Чем же был этот новый язык, как не продуктом других умов — последовательных умов, исправляющих, расширяющих, разрабатывающих на протяжении последовательных веков, пока, приспособленный ко всем своим нуждам, он не стал верным Идеалу и родным языком гения на все времена? Первый изобретатель стиха был лишь пророческим глашатаем Гомера, Шекспира и Мильтона. И чем был тогда Рим, как не великим Университетом Искусства, где хранились все эти накопленные знания?

Много было сказано о самоучках-гениях, в противовес тем, кто был обучен другими: но это различие, как нам кажется, не имеет под собой оснований; ибо не имеет значения, учимся ли мы в школе или самостоятельно — мы не можем ничему научиться, не обращаясь тем или иным образом к другим умам. Давайте представим поэта, который никогда не читал, никогда не слышал, никогда не беседовал с другим. Теперь, если он не хочет ничему учиться у другого, он должен строго сохранять это независимое отрицание. Поистине, стихи такого поэта были бы чудом. Подобных художников-самоучек у нас предостаточно примеров среди наших аборигенов — но больше нигде.

Но, хотя мы и утверждаем, как позитивный закон нашей природы, необходимость умственного общения с нашими ближними для полного развития индивидуума, мы далеки от того, чтобы подразумевать, что что-либо, что фактически взято у других, может каким-либо процессом стать нашим собственным, то есть оригинальным. Мы можем перевернуть, транспонировать, уменьшить или добавить к этому, и настолько искусно, что никакой шов или увечье не будут обнаружены; и все же мы не заставим это выглядеть оригинальным — другими словами, истинным, порождением одного ума. Заимствованная мысль всегда будет заимствованной; так как она будет ощущаться как таковая в своем эффекте, даже когда мы сами не осознаем этого факта: ибо ей будет не хватать того эффекта жизни, который может дать только первый ум.
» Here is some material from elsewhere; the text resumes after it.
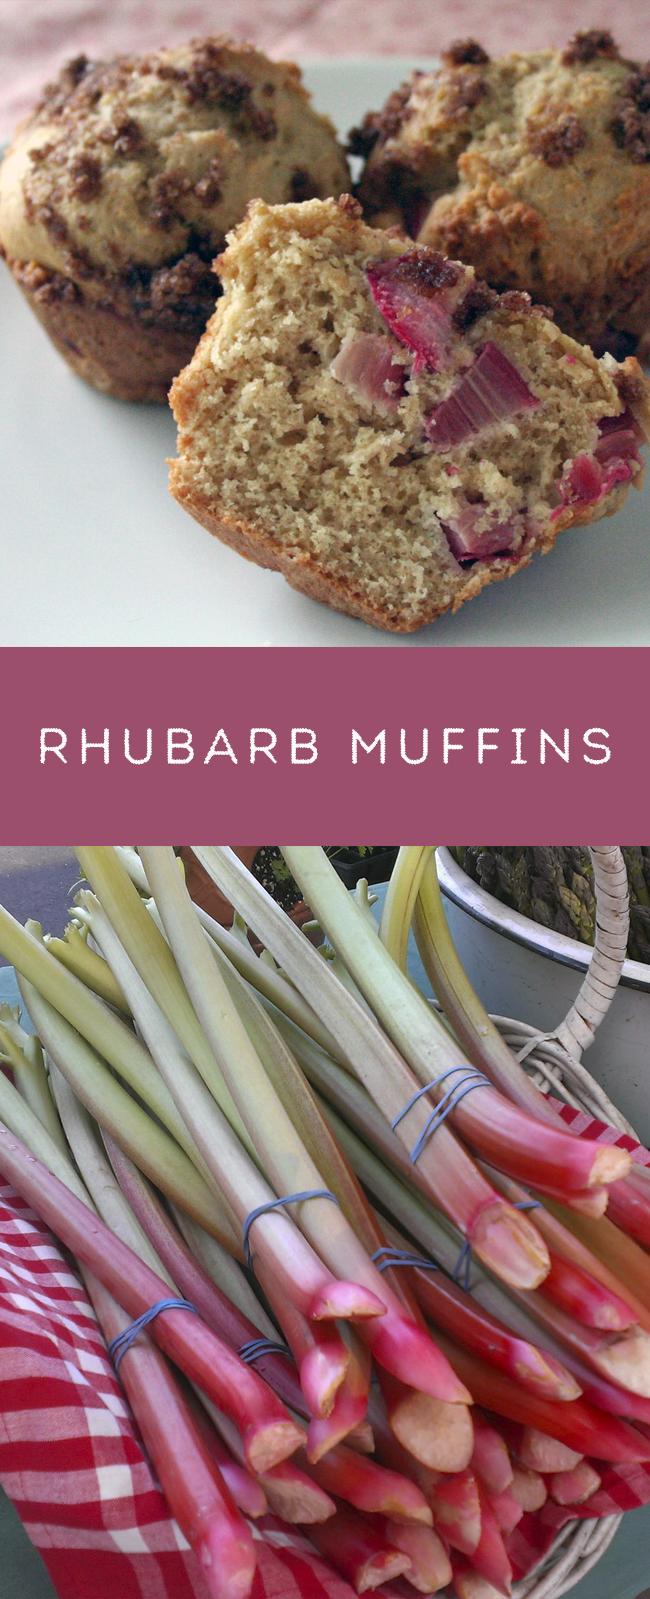 pinrhubarbmuffins

Что касается многочисленных розничных торговцев секонд-хендом в стиле, то класс их настолько многочислен, что выбор затруднителен: они встречаются нам на каждом шагу в истории Искусства. Один пример, однако, может быть достаточным, и мы выбираем Верне, как объединяющего в себе единственное и поразительное сочетание ложного и истинного; а также как наименее неблаговидный пример, поскольку мы можем доказать нашу позицию, противопоставив его самому себе.

В пейзажах Верне (когда это не просто виды) мы видим подражателя Сальватора, или, скорее, копииста его линий; и их мы имеем во всей их угловатой наготе, где скалы, деревья и горы настолько зазубрены, искажены и нагромождены, что только взрыв мог бы объяснить их собрание. Они не имеют той связи, которую мы иногда находим даже в случайном расположении, как в случайных картинах на обесцвеченной стене; ибо заботливая рука сочинителя прослеживается через весь этот беспорядок; более того, само исполнение, условный взмах карандаша, выдает то, что юрист назвал бы злым умыслом Художника в их странном обезображивании. Многим это может показаться гиперкритикой; но мы искренне верим, что никто, даже среди его поклонников, никогда не был обманут в реальное сочувствие к таким техническим украшательствам: они ощущаются как искусственные; как простые диаграммы композиции, выведенные из картин.

Теперь давайте посмотрим на один из его Морских штормов, когда он работал из собственного ума. Темная свинцовая атмосфера готовит нас к чему-то страшному: внезапно сцена смятения, яростная, дикая, катастрофическая, обрушивается на нас; и мы чувствуем, как шок вытесняет, так сказать, всякую другую мысль из ума: ужасное видение теперь захватывает воображение, наполняя его звуком и движением: мы видим, как летят облака, яростные волны одна за другой разбиваются в конфликте и катятся, словно в гневе, к обреченному кораблю: ветер дует с холста; мы слышим, как он ревет в его снастях; его мачты гнутся, как прутья, и его последняя отчаянная надежда, взятый на рифы фок, развевается, как рваный флаг: ужасное очарование все еще заставляет нас смотреть, и тусклый, скалистый берег вырисовывается на его подветренной стороне: затем раздается страшный крик «Буруны впереди!»; экипаж стоит в оцепенении, и труба капитана беззвучна у его губ. Это шум природы, и мы чувствуем, что он истинен; ибо здесь каждая линия, каждый штрих имеют значение. Рваные облака, сбившиеся в кучу волны, поверженный корабль, хотя и вынужденные контрастом в самые острые углы, все согласуются, какими бы противоположными они ни казались, — развивая гармонию из кажущегося раздора. И это есть Гений, который никакая критика никогда не сможет опровергнуть.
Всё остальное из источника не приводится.